Now we know that the bond price formula is :
\begin{equation} \label{eq1} P = \frac{c}{(1+y)^1} + \frac{c}{(1+y)^2}+\cdots + \frac{c+P_p}{(1+y)^T} \end{equation}
or equivalently :
\begin{equation} P= \frac cy \left[1-(1+y)^{-T}\right] + P_p(1+y)^{-T} \end{equation}
where is $c$ is the coupon of the bond and $P_p$ is the present value.
Using the first equation for pricing of a zero coupon bond we obtain: $$P = \frac{P_p}{(1+y)^{T}}.$$
The convexity is defined as : \begin{equation} \label{eq5} C_{onvexity} = \frac{1}{P} \frac{\partial^2 P}{\partial y^2}. \end{equation} Taking the first derivative now with respect to yield in
\begin{equation} D = - \frac{(1+y)}{P} \frac{dP}{dy} \end{equation}
\begin{align*} \frac{\partial P}{\partial y} &= P_p(−T)(y+1)^{-T-1} \frac{\partial}{\partial y}[y+1]\\ &= -P_p(1+y)^{-T-1}T(1+0)\\ &= -P_p(1+y)^{-T-1}T\\ &= \frac{-T P_p}{(1+y)^{T+1} } \end{align*}
now calculating the second derivative (the derivative of the derivative) we obtain : $$\frac{\partial^2 P}{\partial y^2} = PT(T+1)(1+y)^{-T-2}$$ Binding them togetherin the convexity formula i have : \begin{align*} C_{onvexity} &= \frac{1}{P}\frac{\partial^2 P}{\partial y^2} \\ &= \frac{1}{P}\left[PT(T+1)(1+y)^{-T-2}\right]\\ &= \frac{1}{P}\frac{PT(T+1)}{(1+y)^{T+2}}\\ &= \frac{T(T+1)}{(1+y)^{T+2}} \end{align*}
But Carol Alexander in her book Market Risk Analysis Pricing, Hedging and Trading Financial Instruments, states "A zero coupon bond of maturity $T$ has convexity $T(T+1)(1+y)^{-2}.$This can be proved by differentiating $P=(1+y)^{-T}$ twice and then dividing by $T$."

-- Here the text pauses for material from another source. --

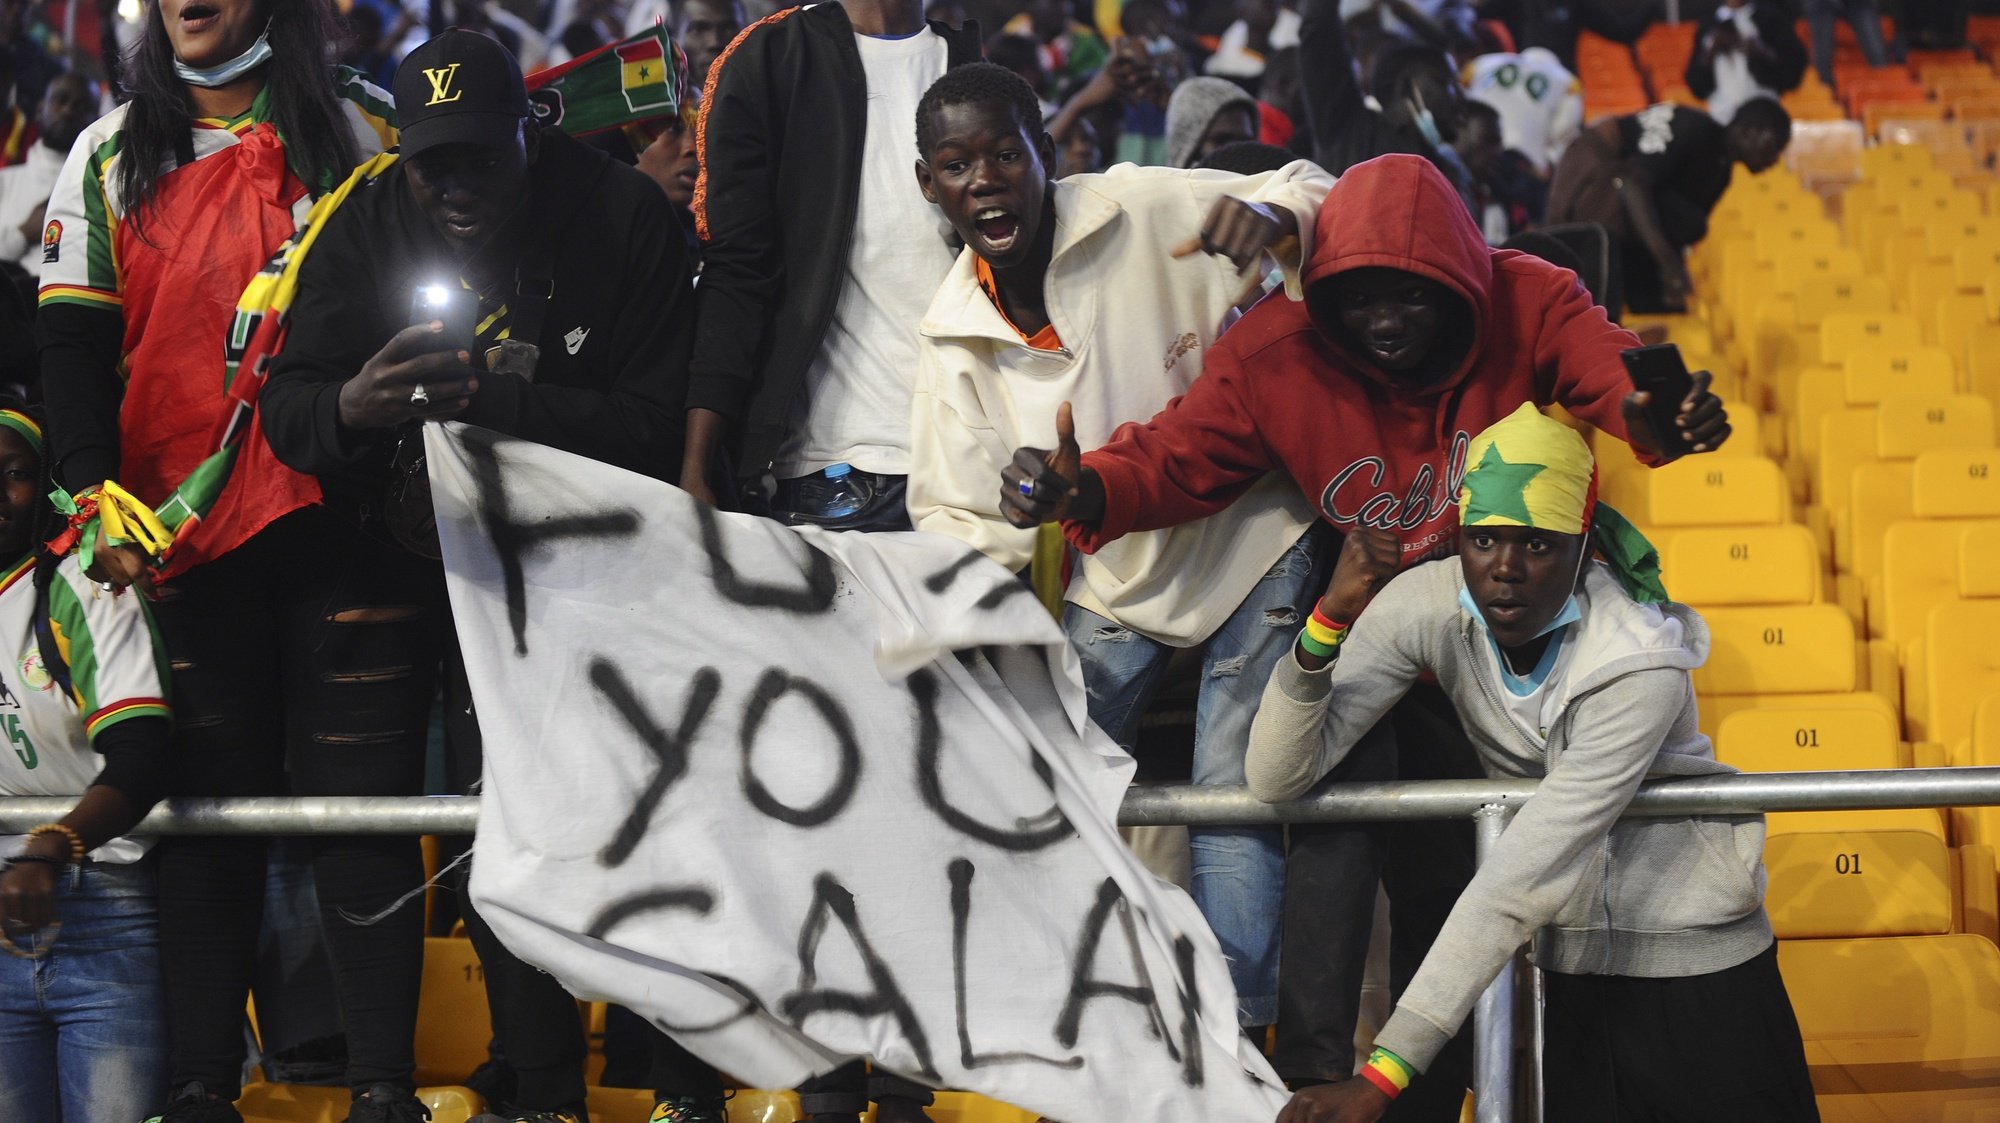 epa09859758 Senegal supporters celebrate winning the FIFA Qatar 2022 World Cup Africa qualifying match between Egypt and Senegal at the Diamniadio Olympic Stadium in Dakar, Senegal, 29 March 2022.  EPA/ALIOU MBAYE

Even if i divide by $T$ my result (probably to some wrong calculations) is wrong.
What is my mistake ? How i can prove the correct one ? Any help ?
As you mentioned, the convexity formula is
$$C_{\textrm{convexity}} = \frac{1}{P} \frac{\partial^2 P}{\partial y^2}$$
Assuming $c=0$ the bond price is $P=\frac{P_p}{(1+y)^T}$. Then the second derivative w.r.t. is $\frac{d^2P}{d y^2}=\frac{P_p\cdot T(T+1)}{(1+y)^{T+2}}$. So far so good. But it is important not to mix up $P$ and $P_p$. For the convexity formula we have to divide the second derivative by $P=\frac{P_p}{(1+y)^T}$. This gives
$$\frac{1}{P} \frac{\partial^2 P}{\partial y^2}=\frac{{P_p}\cdot T(T+1)}{(1+y)^{T+2}}\cdot \frac{(1+y)^T}{P_p}=\frac{T(T+1)}{(1+y)^{2}}$$
This is a typo. It should be P.